▶ **Exercise directions**
In the listing beneath this line, copy exactly the lines starting with the one containing "Eine Referenz-Markierung am" and going on through the one containing "Gucci Retro Squared Sunglasses".

▶ **Extracted material**
▶

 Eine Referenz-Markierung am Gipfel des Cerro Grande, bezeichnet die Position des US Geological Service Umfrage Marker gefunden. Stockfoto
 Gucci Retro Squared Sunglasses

◀
▶

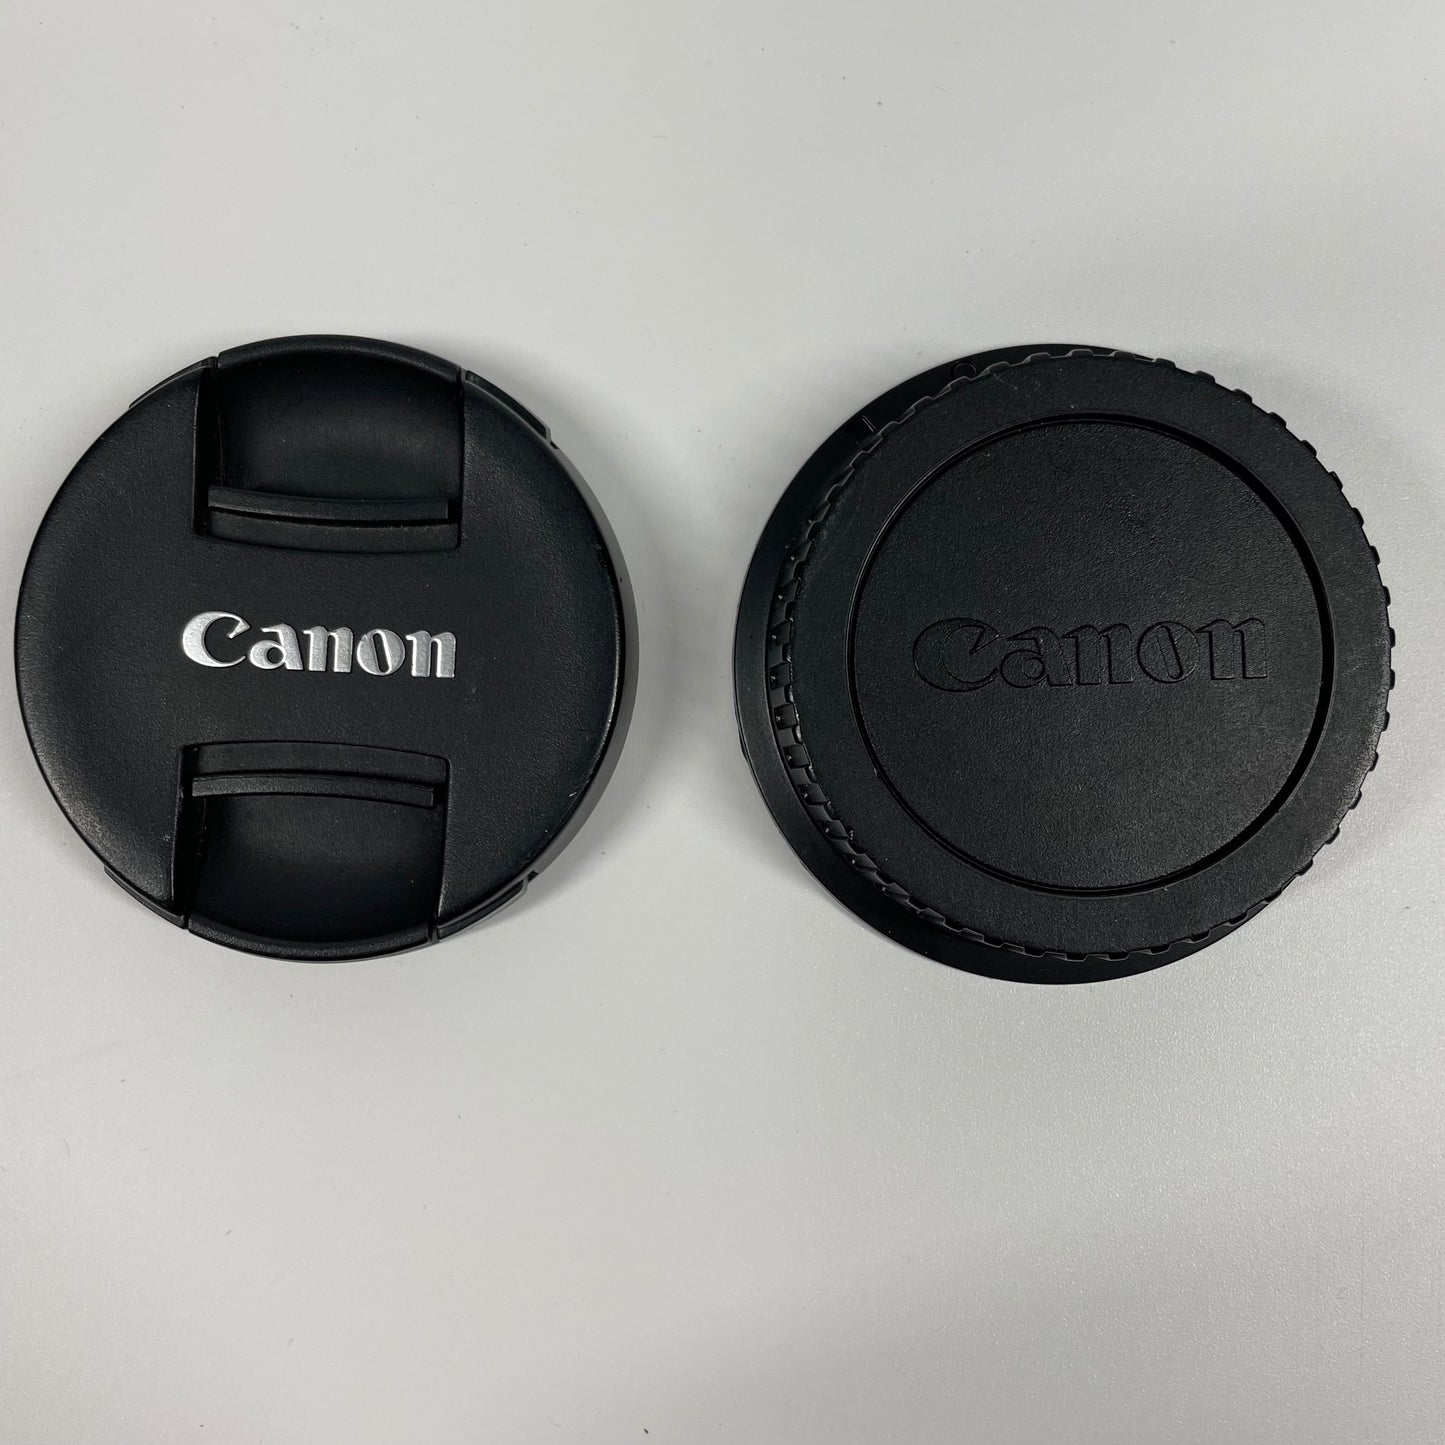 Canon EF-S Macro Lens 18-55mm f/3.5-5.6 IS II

◀
▶

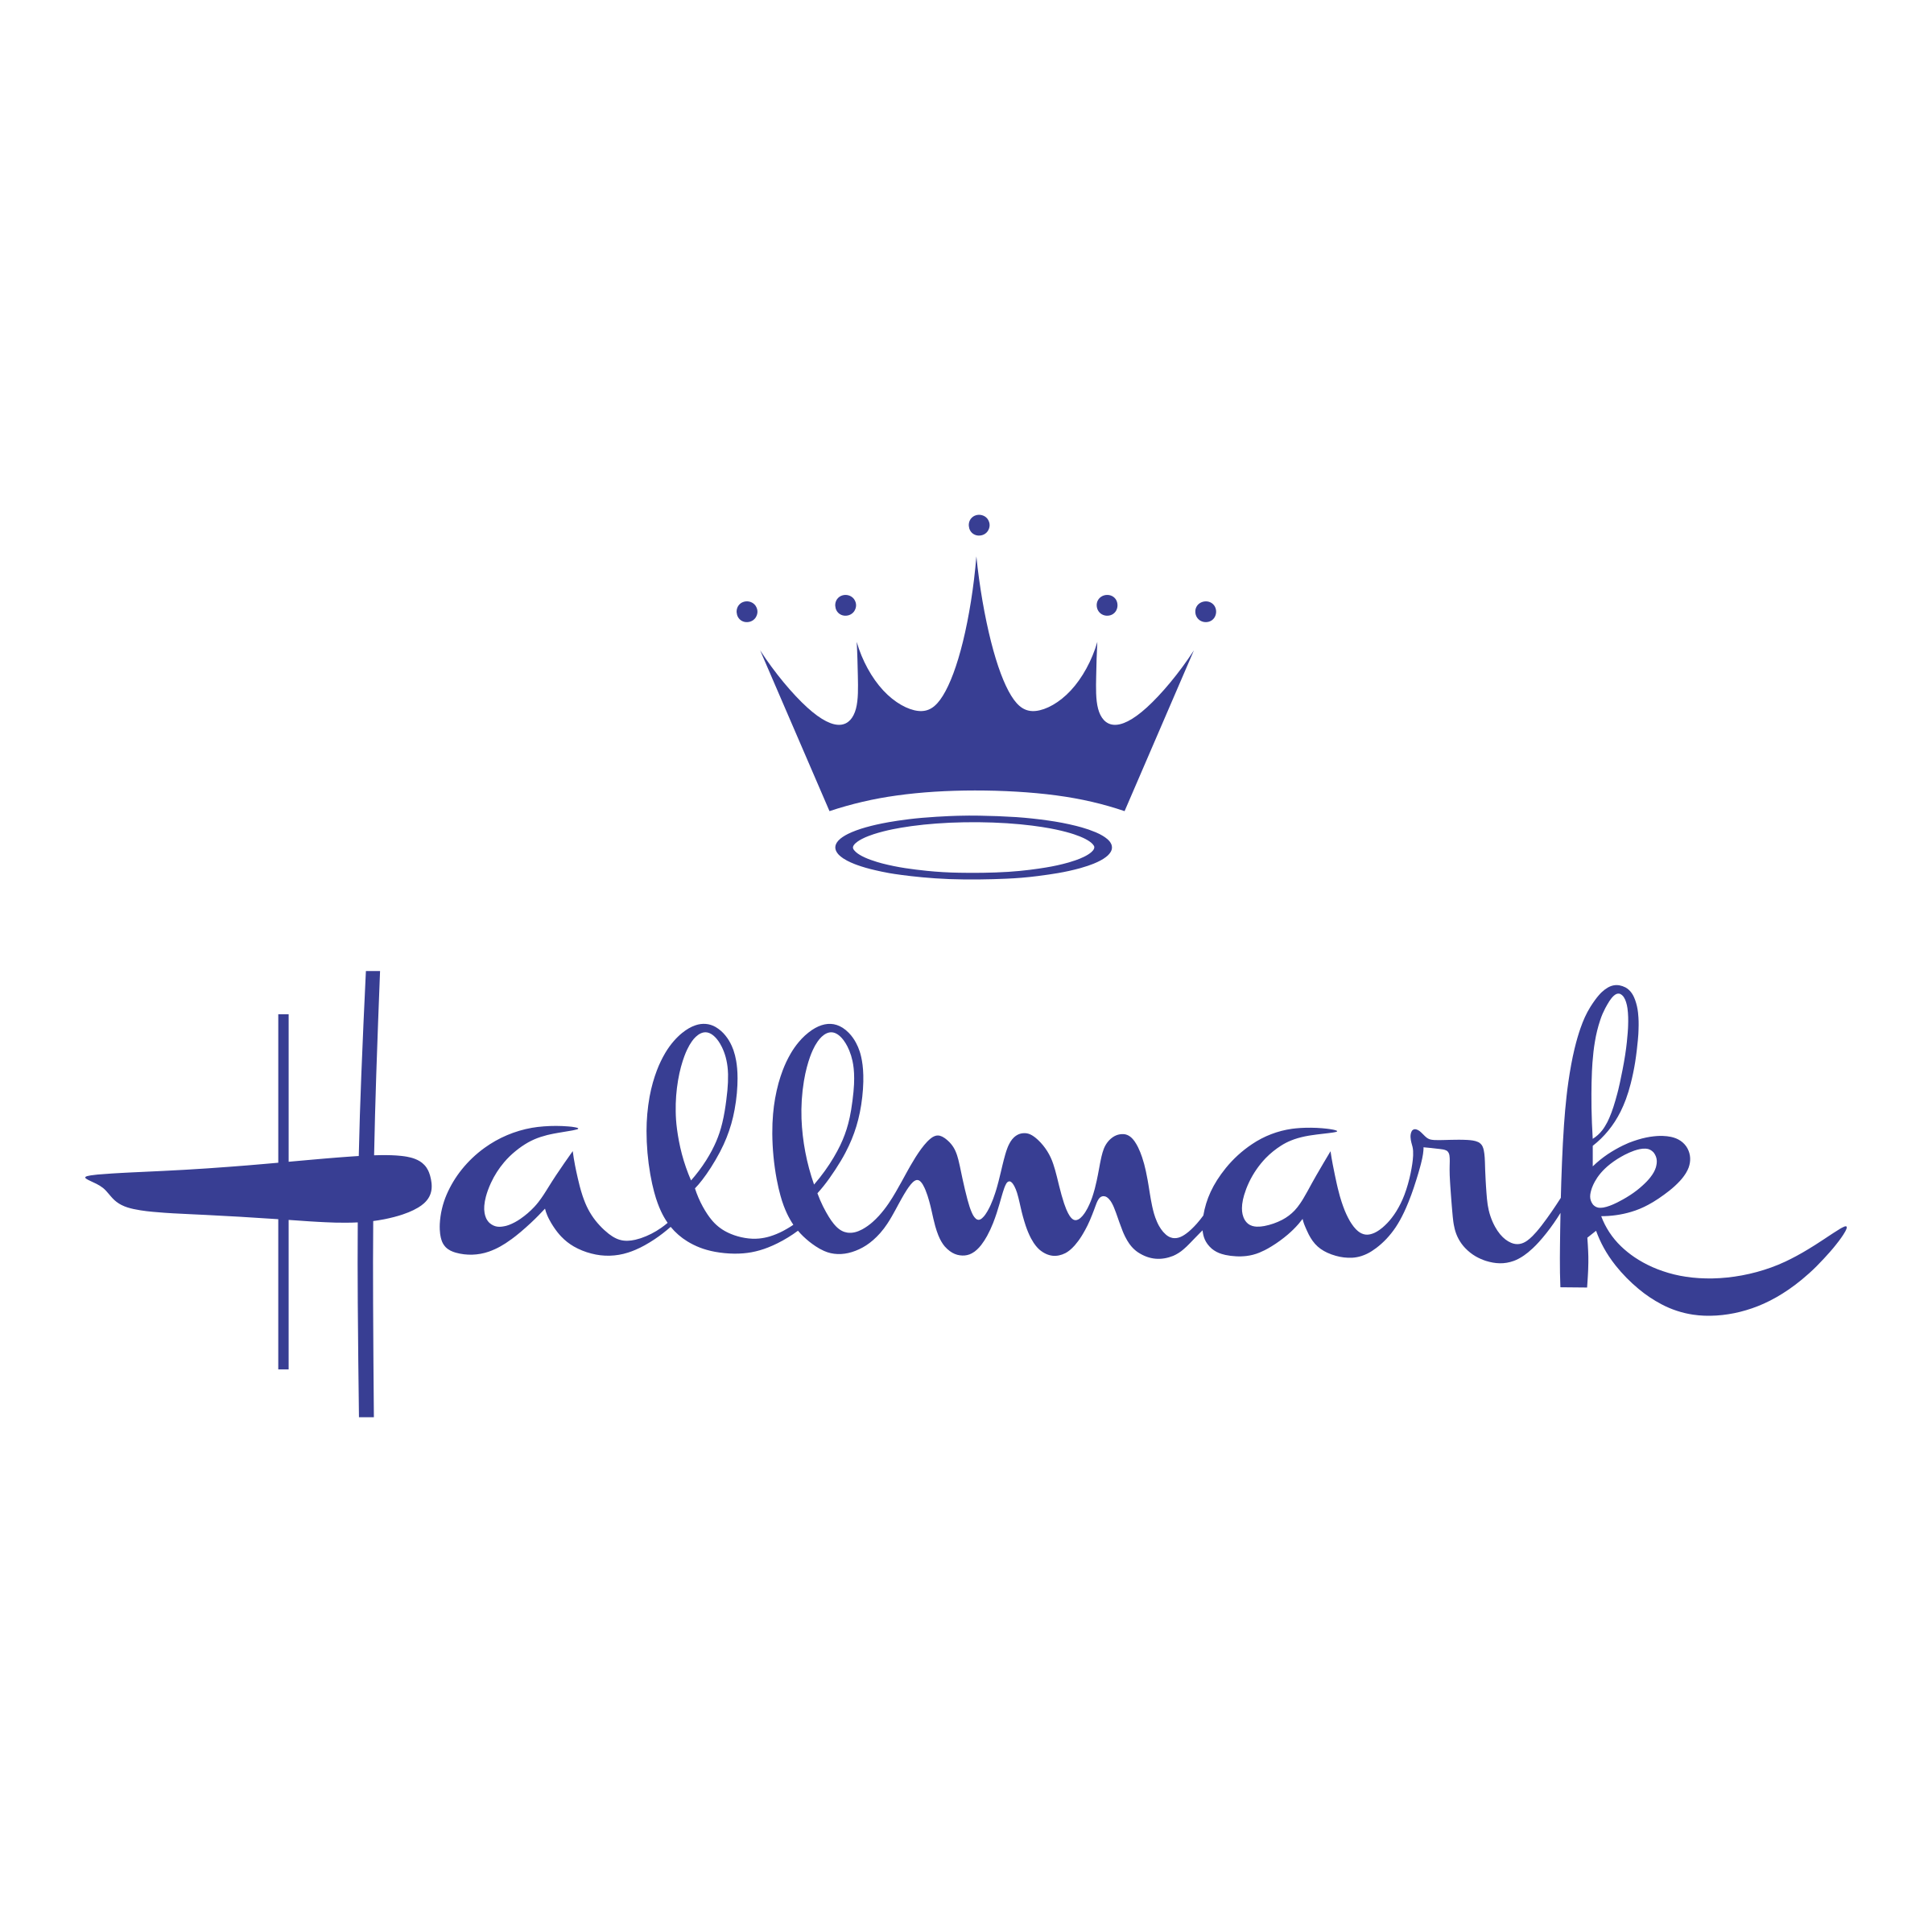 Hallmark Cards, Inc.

◀

▶ **Exercise output**
 Eine Referenz-Markierung am Gipfel des Cerro Grande, bezeichnet die Position des US Geological Service Umfrage Marker gefunden. Stockfoto
 Gucci Retro Squared Sunglasses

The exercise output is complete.